The marketplace is aware of the “threats” to the supply chain, commented Huw Thomas, Fisheries and Aquaculture Manager at UK-based retailer Morrisons during a roundtable discussion, stopping short of calling out any major concerns. Retailers and restaurant operators are the ones on the front lines, so to speak, when it comes to confronting consumers’ fears about farmed fish. More than a dozen are scheduled to speak at this year’s conference.

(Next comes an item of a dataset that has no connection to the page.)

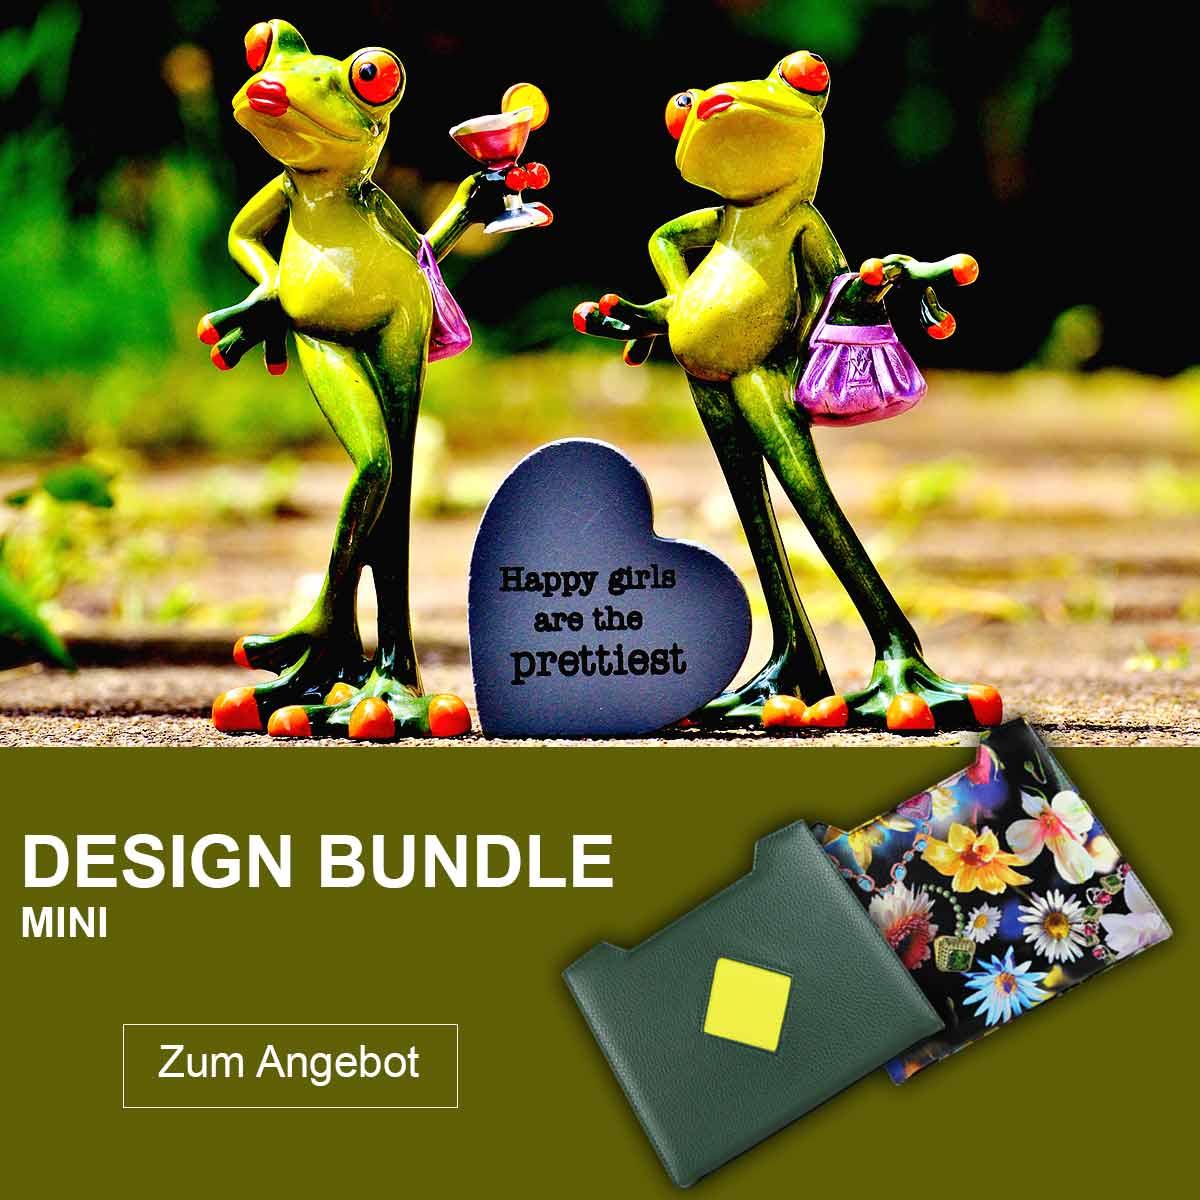 Design Bundle mini  September

“It’s always difficult to see what the next sensational issue will be. I would not be complacent. We need to coalesce and message that or it will be messaged for us,” said Charlie Lousignont, Senior VP-Supply Chain Management for U.S. foodservice operator Brinker International.

While the entire aquaculture value chain prepares for the next crisis to come along, the consistent collaborative effort over time will be assuring the public that farmed seafood is wholesome, nutritious and safe to eat. Stevens challenged all attendees to join a collaborative educational effort. With negative or poorly researched news articles finding new audiences in the Internet era, the task will be large, and require all stakeholder involvement. But judging from the spirit displayed during the first day of GOAL, there seems to be plenty of fight in aquaculture.

“We need to have a strong commitment to sustainable practices, a dedication of resources and time,” said Hindar. “Business as usual is no longer an option. If the industry is to expand its social license, the way we operate has to improve. By working together — we can share knowledge on how to best protect the environment and improvements can be made faster and more effectively.”